While gold demand in 2025 was driven largely by safe-haven buying and a lower opportunity cost, silver demand was supported not only by safe-haven flows but also by strong industrial consumption, specifically from the green energy transition.
“Demand from the Solar Photovoltaic (PV) sector has more than doubled in just four years, from 94.4 Moz in 2020 to 243.7 Moz in 2024. Solar alone accounted for nearly 21% of total demand in 2024, fundamentally altering the metal’s usage profile,” Axis Securities said in its latest report on silver.
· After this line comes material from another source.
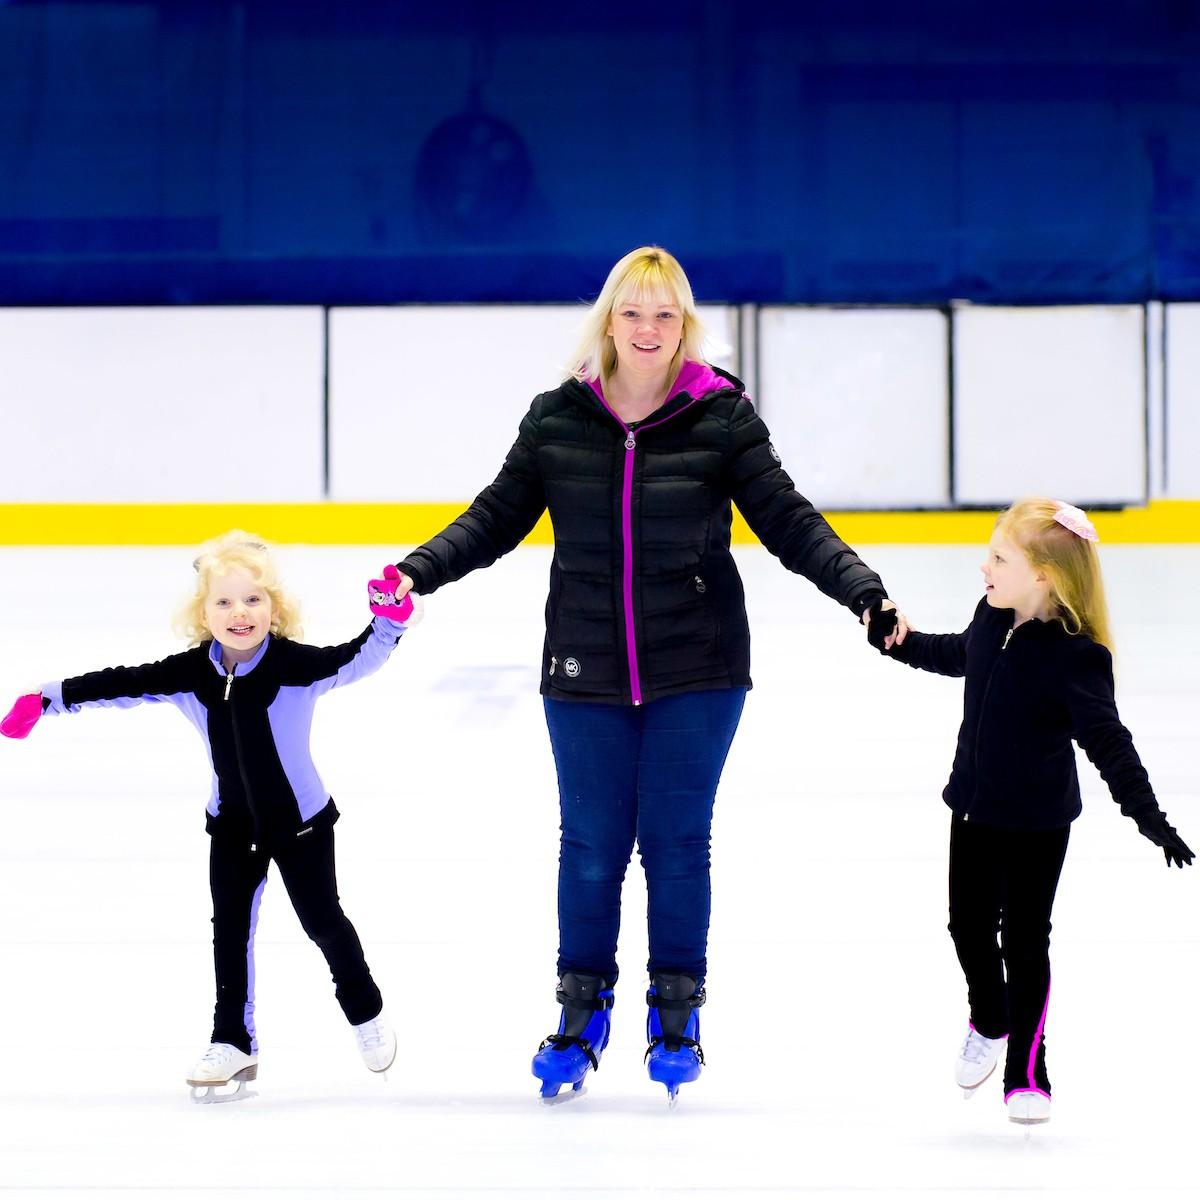 Fitness Skating family

It said the silver market has remained in deficit since 2021, with a cumulative shortfall of nearly 700 Moz over the 2021-2025 period. According to Refinitiv, the silver market is expected to continue in deficit in 2026, with a projected shortfall exceeding 100 Moz.
“Fears of impending US import tariffs have triggered a flight of physical metal toward US markets, sparking a historic “squeeze” in the futures market. Throughout the year, COMEX futures have persistently traded at a premium to London spot prices,” said Axis Securities.
What is the outlook for 2026?
Analysts said gold prices in 2026 depend upon macroeconomic fundamentals, geopolitical risks, central bank demand, and recycling supply.
“Recycling trends could significantly influence the market. Recycling has been unusually soft, in part due to the growing use of gold as loan collateral, particularly in India, where more than 200 tonnes of old jewellery have been pledged this year. Limited recycling supports prices, but a rise in distressed liquidation of this collateral could push secondary supply higher and weigh on the market,” according to a Delhi-based bullion market expert.
On the silver price outlook, Axis Securities said, “Prices exceeding $60/oz may begin to trigger demand destruction or thrifting/substitution (using less silver per unit) in the industrial sector. Global economic deceleration, specifically a contraction in high-tech manufacturing or electronics, could weigh on silver prices.”